Indeed, for employees working in any of Hermès’s 23 production facilities across France, their rent on average is likely to sit around the €900 mark ($943) for a one-bed apartment.
So, while the payment may not go far toward getting employees on the ladder to a Birkin, it is likely to go some way towards their day-to-day living costs.
The brand added that in total, in 2024, it had paid out €350 million ($367 million) in exceptional bonuses, profit sharing, and incentives as part of its “social model.”

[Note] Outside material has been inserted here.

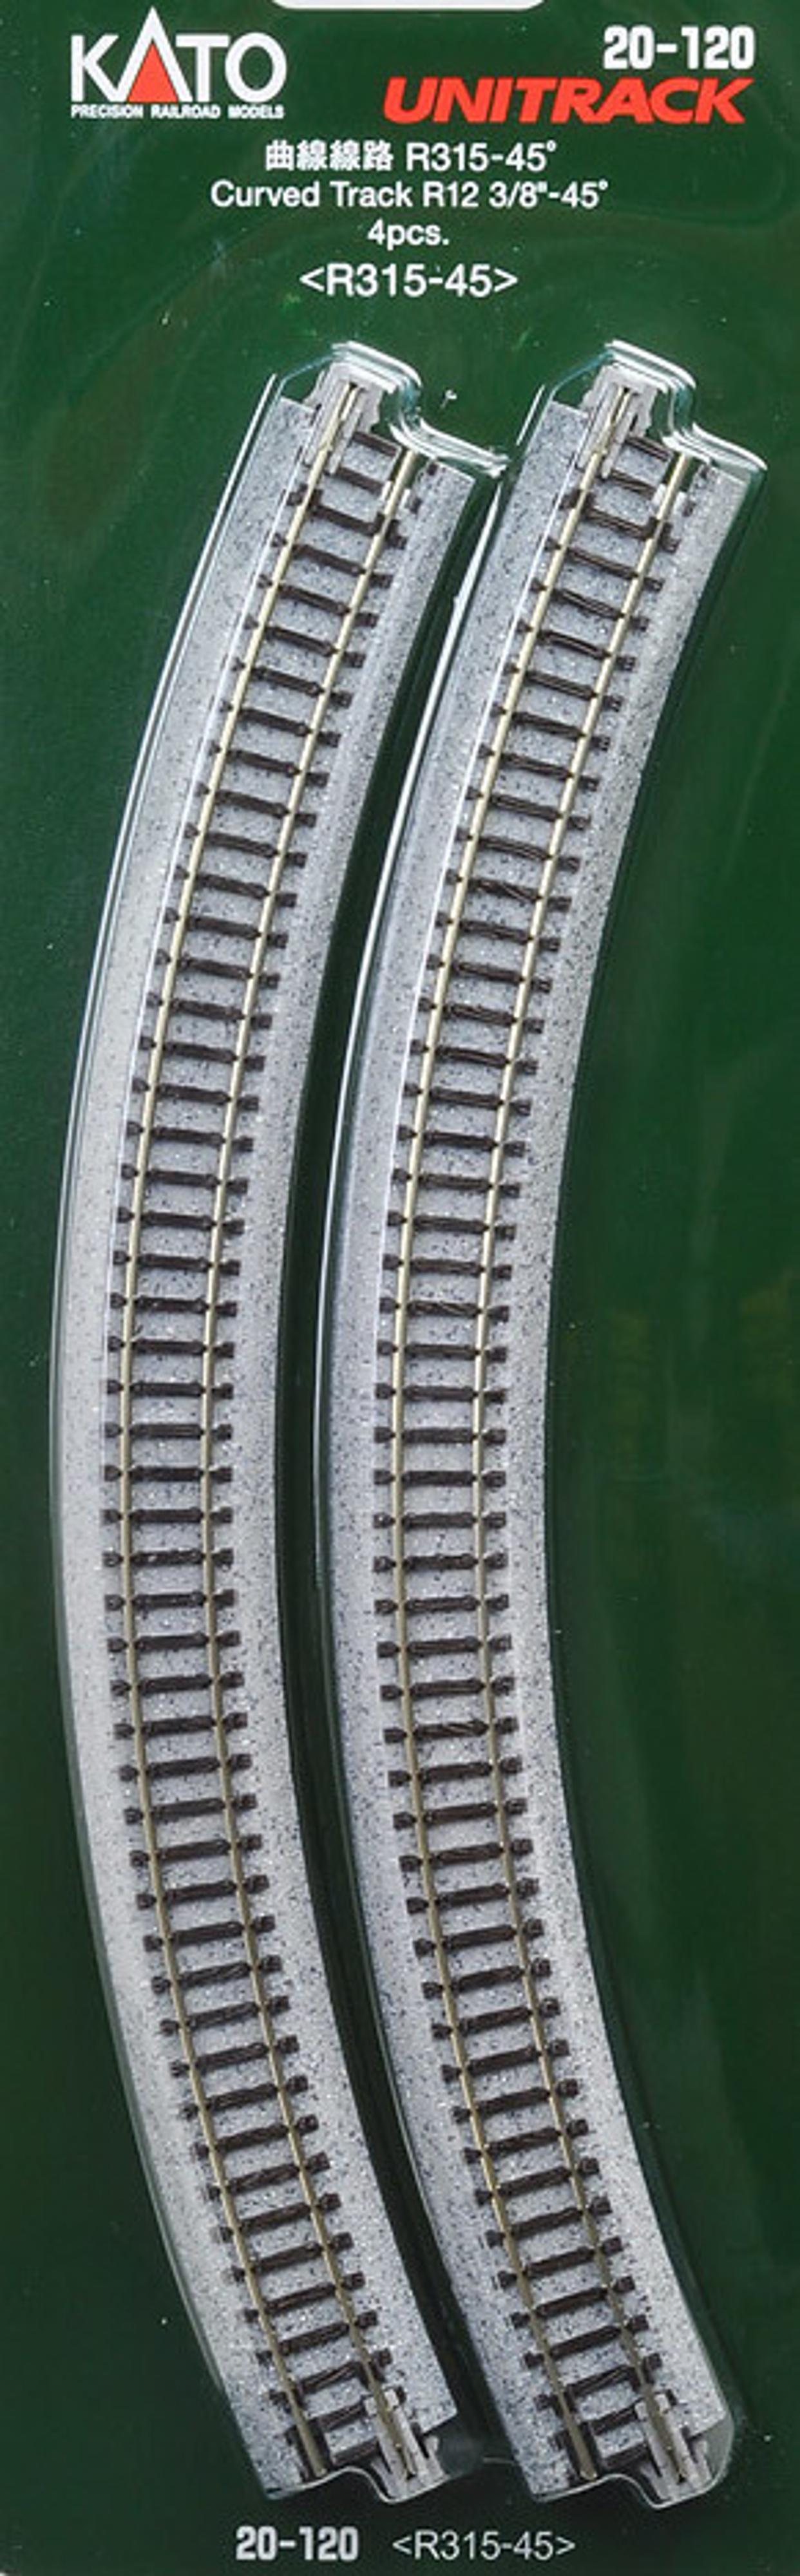 Kato N Scale Unitrack Curved Track 12 3/8in 45D (4 pcs)

On top of that, Hermès reaffirmed its commitment to DEI—a far cry from the shift that is happening across the pond.
For example, Hermès reported that 48% of its top 100 managers in the company were women, and 7.1% of staff were registered as having disabilities.
Moreover, the brand has reduced its emissions by 64% compared to 2018, Dumas added: “Nature is a source of exceptional material and lies at the heart of our model.”
Outlook on luxury
Over the past few years designer brands have struggled to acclimatize to the new reality of weaker Chinese consumer demand and Gen Z shoppers who don’t identify as much value in materialistic goods.
On the contrary, Dumas reported: “In 2024, all regions have shown solid performance. France +13% and Europe +19% recorded strong progressions sustained by robust demand. Japan +23% benefited from sustained and regular growth carried by the fidelity of its local customers.”
Asia also had “remarkable progression,” up 7% Dumas added, and while the Middle East still represents just 4% of its revenue, it saw growth of 110%.
The fashion house—established in the 1830s—is setting itself up for the long-term.
Dumas said its success in 2024 was courtesy of “divisions supported by artistic directors, a very demanding quality, preservation and transmission of our know-how.”
He added: “Long-standing and new customers were present everywhere in the world. In 2024, the house stayed its course maintaining its equilibria attached more than ever to the respect of its values.
“We pursued strategic investments in our production capacity to secure our supply chain and prepare the future, as well as in our network everywhere in the world, to accompany the dynamism of sale in the long term of the house.”